Improving Customer Support with a Machine Learning-based Receptionist

Published in

Blog Técnico QuintoAndar

9 min readDec 6, 2021

Figure 1: Connecting customers to departments and agents at QuintoAndar.

As part of a real estate company, customer support at QuintoAndar has to deal with hundreds of different types of contacts involving individuals as distinct as tenants (and prospective tenants), landlords, agents (realtors, inspectors, photographers, etc) and building administrators. Issues range from simple questions about using our site to search for a house to requests for intermediation of complex tenant-owner issues like negotiating a temporary rent reduction.

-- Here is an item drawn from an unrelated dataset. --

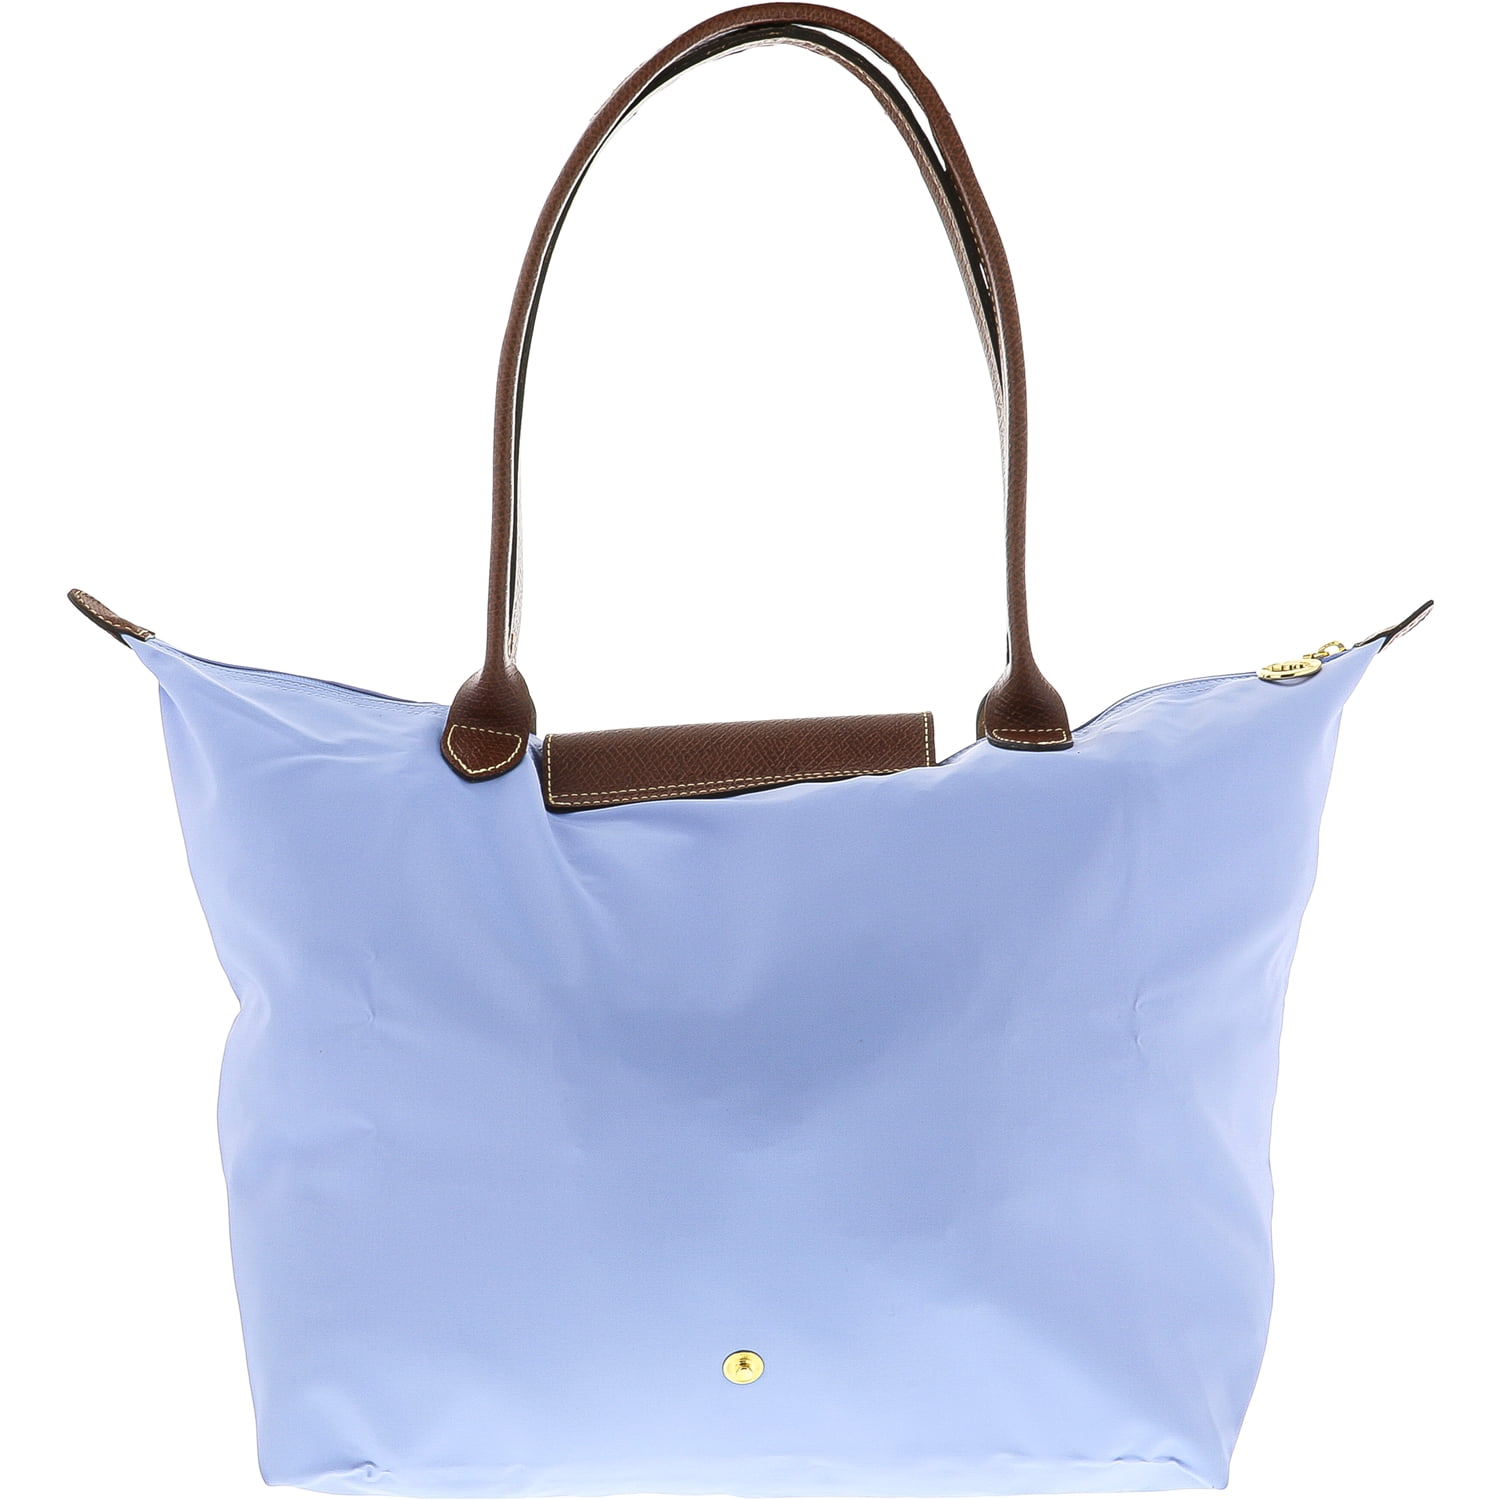 Longchamp Le Pliage Grand sac à main en nylon pour femme-Bleu brume - Achat  / Vente Longchamp Le Pliage Grand s - Cdiscount
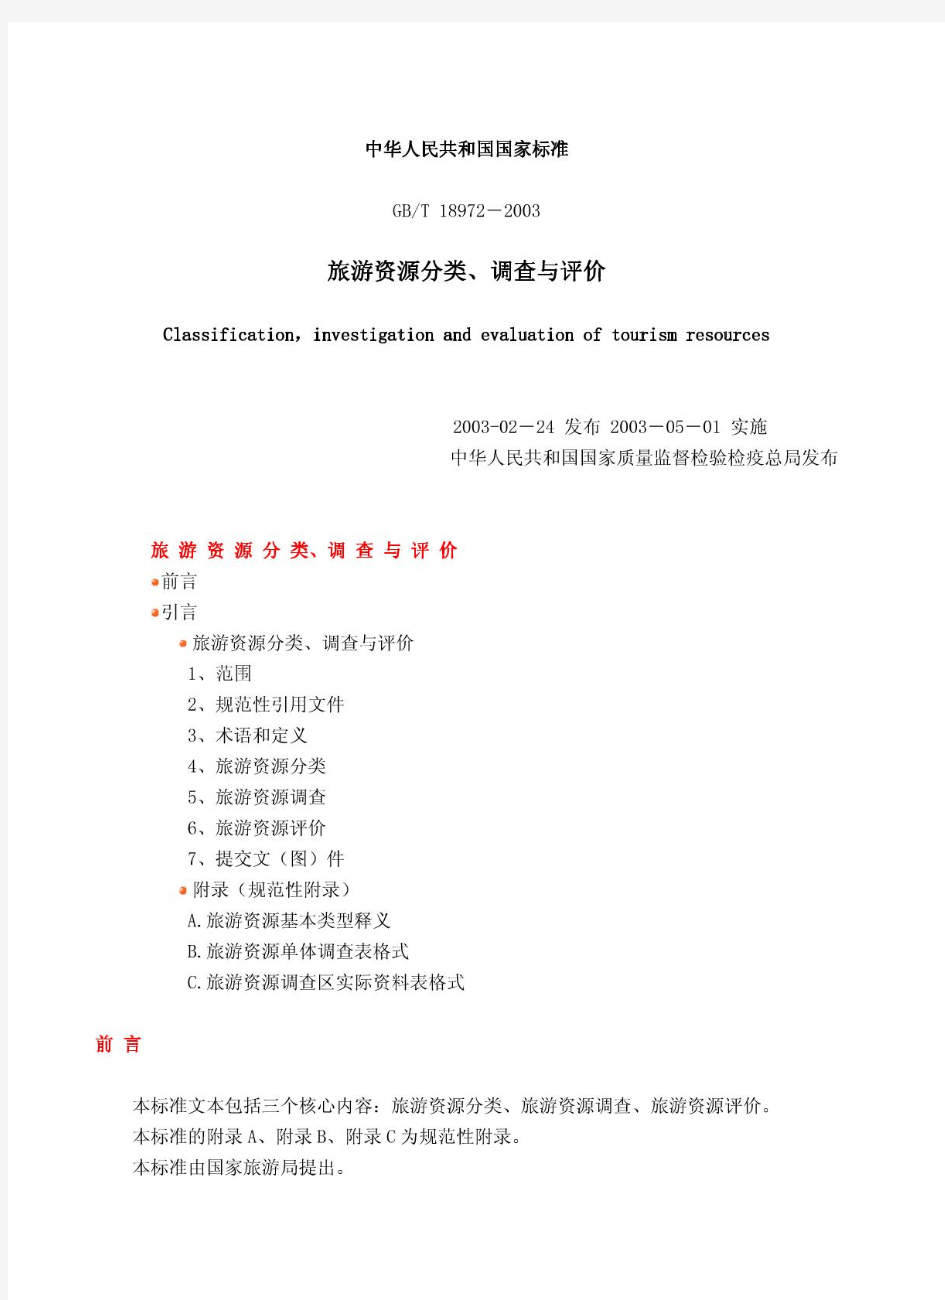 中华人民共和国国家标准旅游资源分类、调查与评价

This means that matching an user to the right specialist is not an easy task. On the one hand, presenting a menu with a multitude of customer support departments may be time-consuming and ineffective, as users may not be familiar with each department’s responsibilities and are likely to make mistakes when choosing an option. On the other hand, letting the users freely declare what they need has its own drawbacks, such as the possibility that the user’s explanation does not have sufficient context regarding their demand and the issue of how to convert that explanation into a decision about the destination department of the contact.

For WhatsApp — our main support channel — this issue gets trickier, though: the app is ubiquitously used in Brazil as a means of communication with family and friends. Contacts, thus, may start with a simple “Hi!”, with a complete account of the user’s issue or with a partial description that refers to past contacts.

To improve accuracy of ticket routing and speed of support, also automating the collection of all necessary information before a human analyst is allocated to the ticket, our team developed a chatbot system that acts as a receptionist for customer support. The implementation of such service brought positive results to QuintoAndar, allowing the full automation of chat triage.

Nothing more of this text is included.